Leiterplatten-Inspektion (PCB): NIR durchdringt grüne Lötstoppmasken und macht Leiterbahnen, Risse und Vias unter dem Schutzlack sichtbar, ohne dass dieser entfernt werden muss. Unverzichtbar für die Qualitätskontrolle gefertigter Leiterplatten und die Fehleranalyse von Reklamationen.

Silikonvergossene elektronische Bauteile: Viele LED- und Sensorbauteile sind in Silikon eingegossen. NIR durchdringt das Silikon bis ins Innere des Chips, um die Position der Bonddrähte zu überprüfen.

Dermatologische Hautanalyse: Melanin, Kollagen und Gefäßstrukturen in der Haut werden im NIR-Bereich deutlich dargestellt. Ein Standardwerkzeug in modernen dermatologischen Kliniken.

Echtheitsprüfung und Restaurierung von Kunstwerken: NIR-Bildgebung deckt Unterzeichnungen, Skizzen unter Lackschichten und den Umfang früherer Restaurierungen bei Ölgemälden auf.
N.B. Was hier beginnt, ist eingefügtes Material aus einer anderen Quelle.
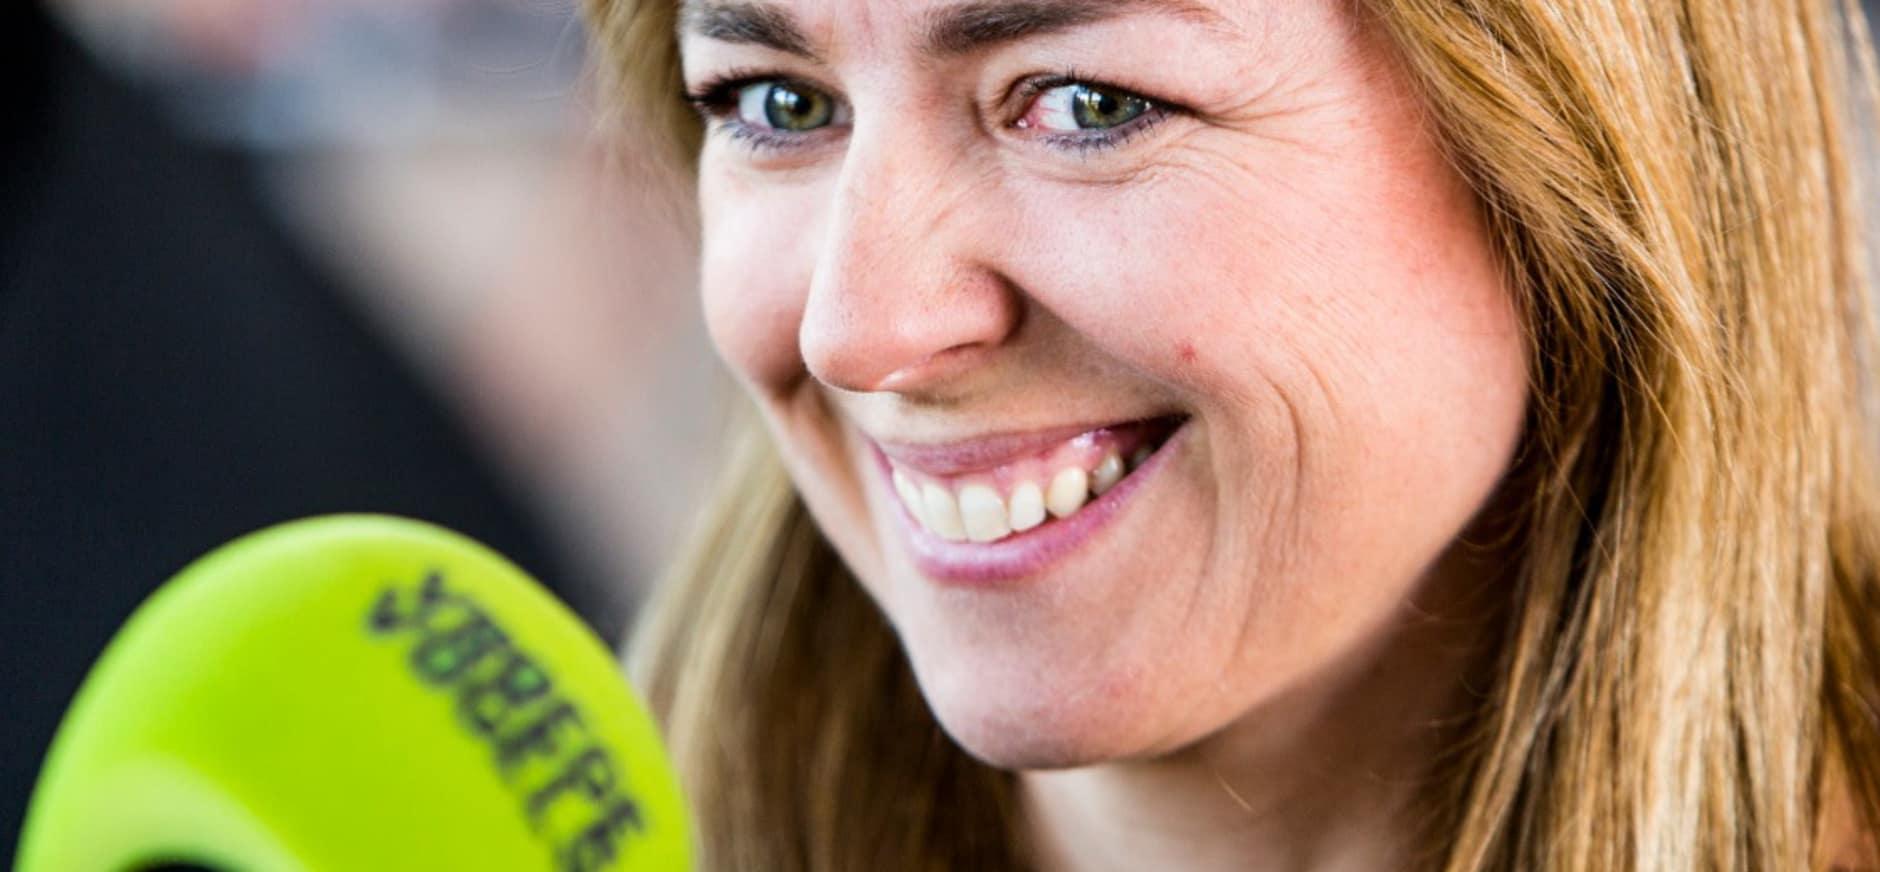 Marianne Thieme Groenste Politicus 2015
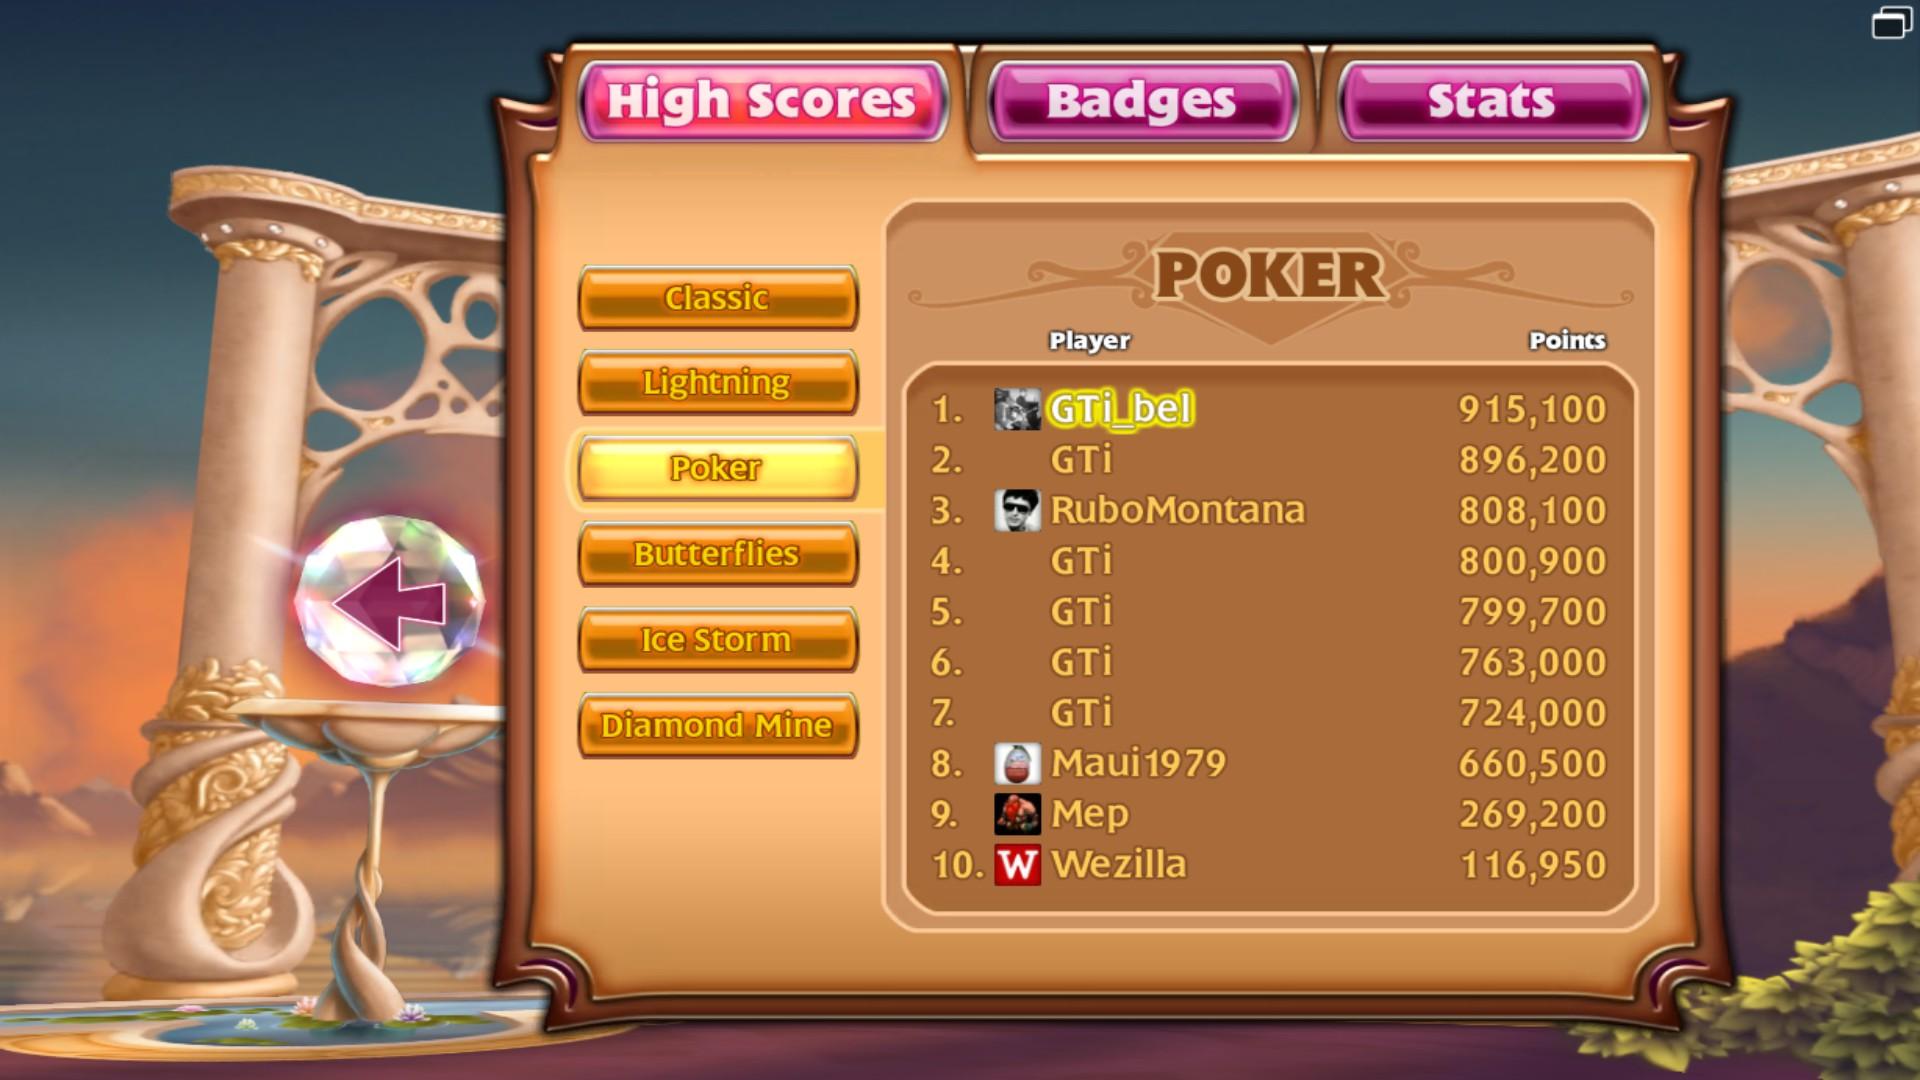 GTibel: Bejeweled 3 [Poker] (PC) 915,100 points on 2018-01-26 01:39:30

Forensische Dokumentation: Verdeckte Schriften, manipulierte Dokumente, verblasste Tätowierungen und andere „unsichtbare“ Spuren werden im NIR sichtbar gemacht.

Textilherstellung: Faseranalysen und Farbechtheitsprüfungen, bei denen die NIR-Erfassung die Farbabsorption unabhängig von der visuellen Reflexion darstellt.

Banknoten- und Dokumentenprüfung: Zahlreiche Sicherheitsmerkmale in Banknoten und Pässen fluoreszieren oder absorbieren im NIR-Bereich. Ein bewährtes Instrument zur Fälschungserkennung.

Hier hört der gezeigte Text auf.